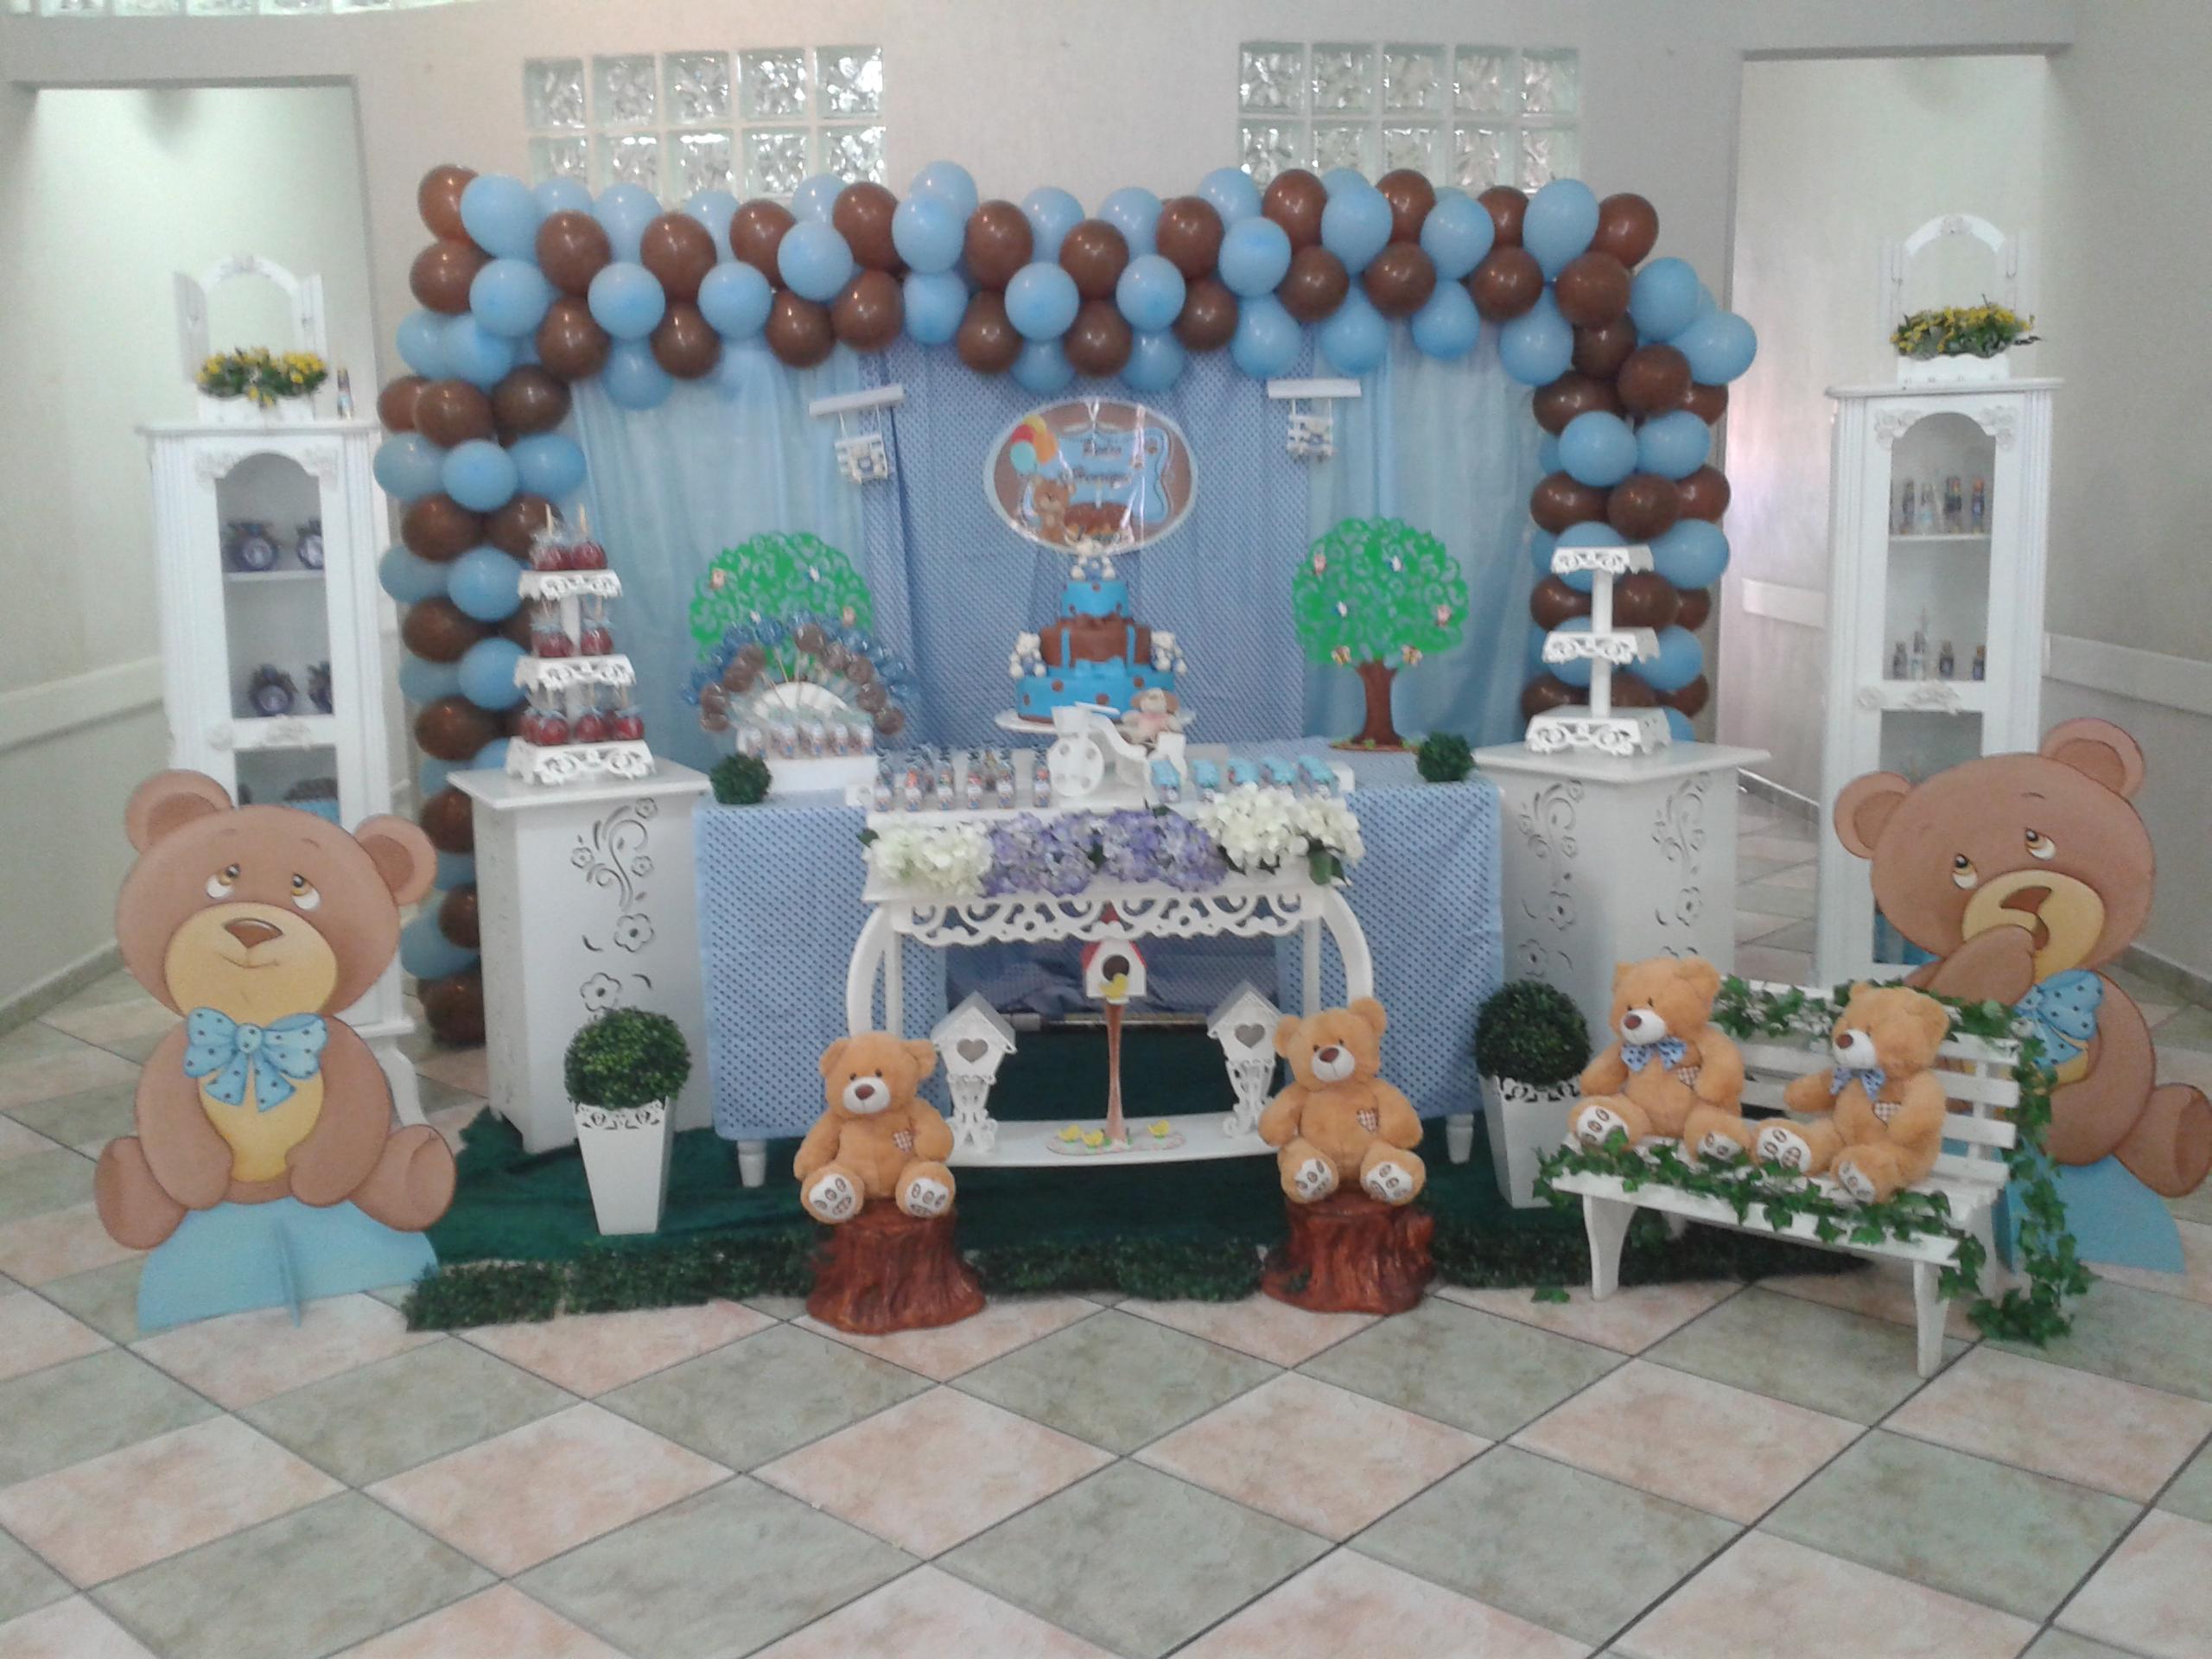 decoracao festa urso azul e marrom:marrom e azul Decoração Urso marrom e azul Decoração Urso marrom e
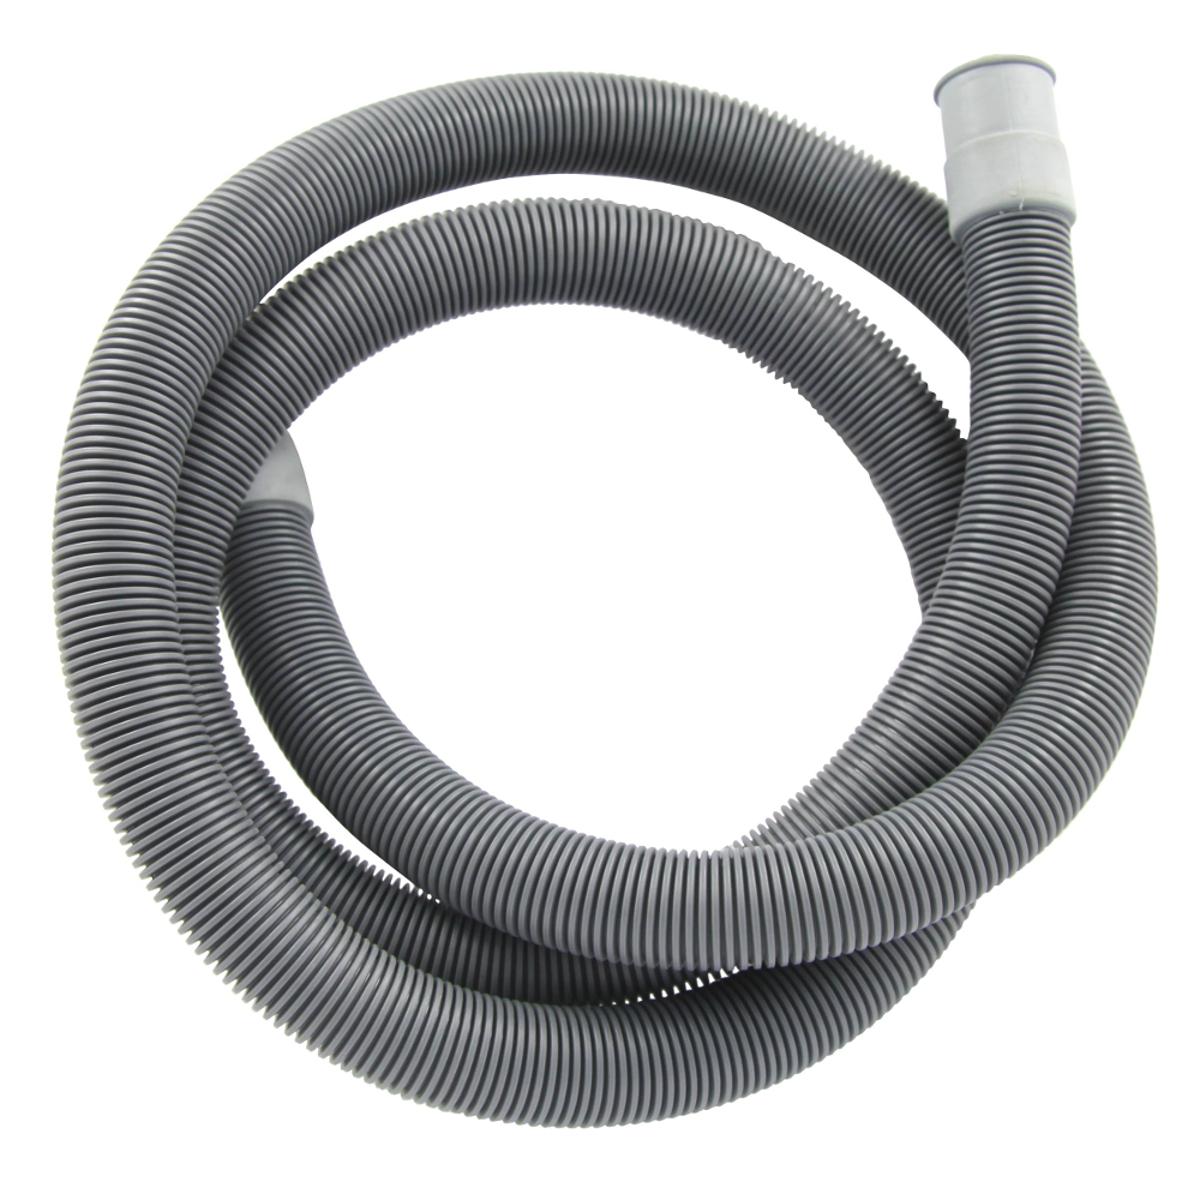 Шланг сливной для стиральной машины, 5м ЗИП-ФЛЕКС
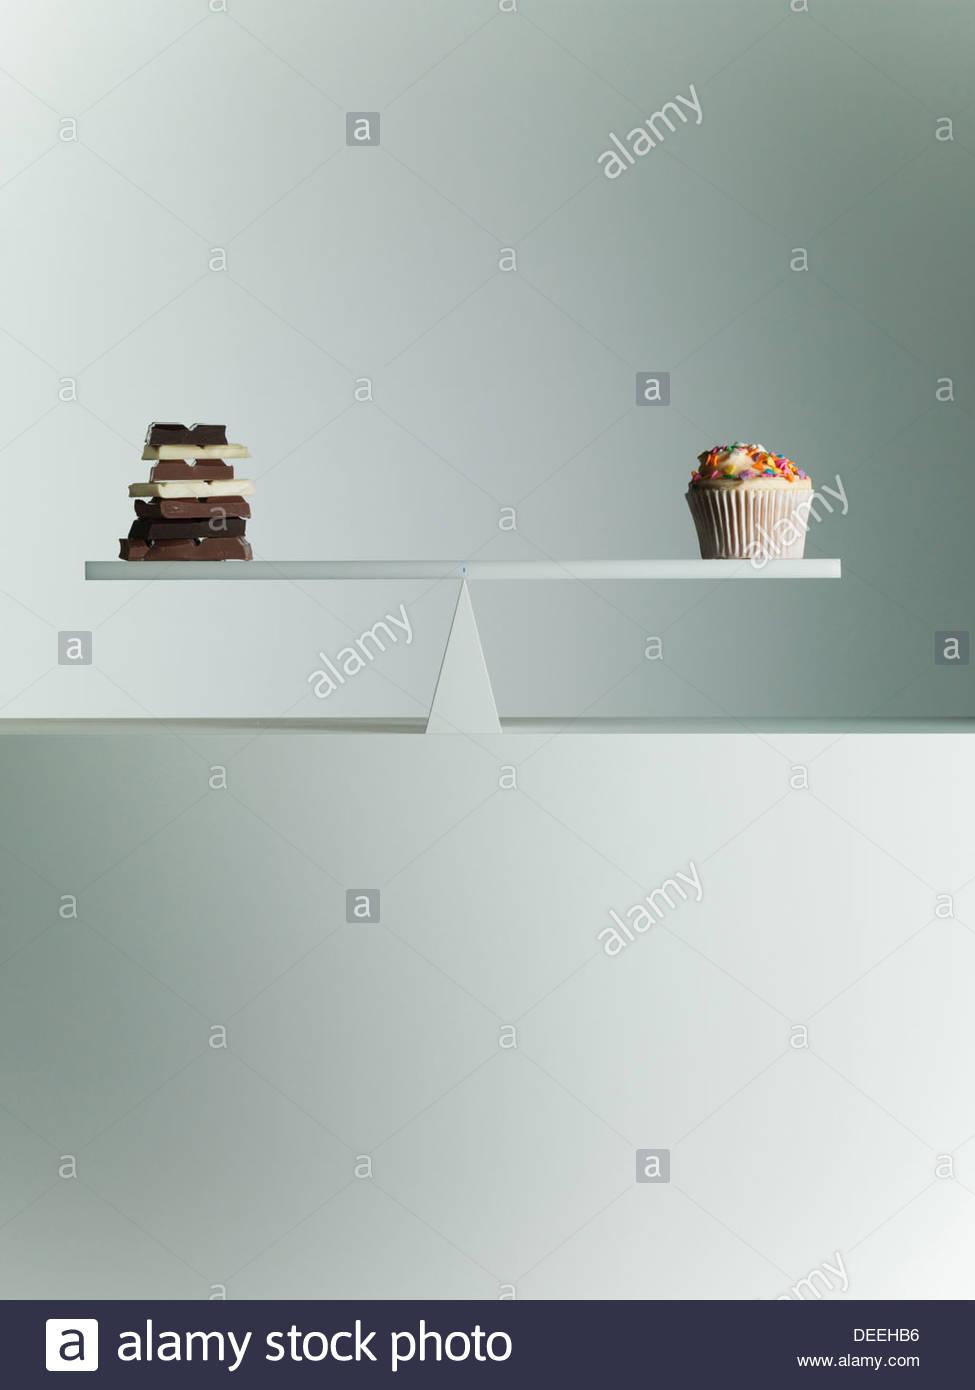 Chocolate bars and Cupcake balanced on seesaw - Stock Image

○ ○ ○ ○

- [What is being asked]
Line by line, return the listing above exactly, dropping every picture.

- [Worked solution]
 decoracao festa urso azul e marrom:marrom e azul Decoração Urso marrom e azul Decoração Urso marrom e
 Шланг сливной для стиральной машины, 5м ЗИП-ФЛЕКС
 Chocolate bars and Cupcake balanced on seesaw - Stock Image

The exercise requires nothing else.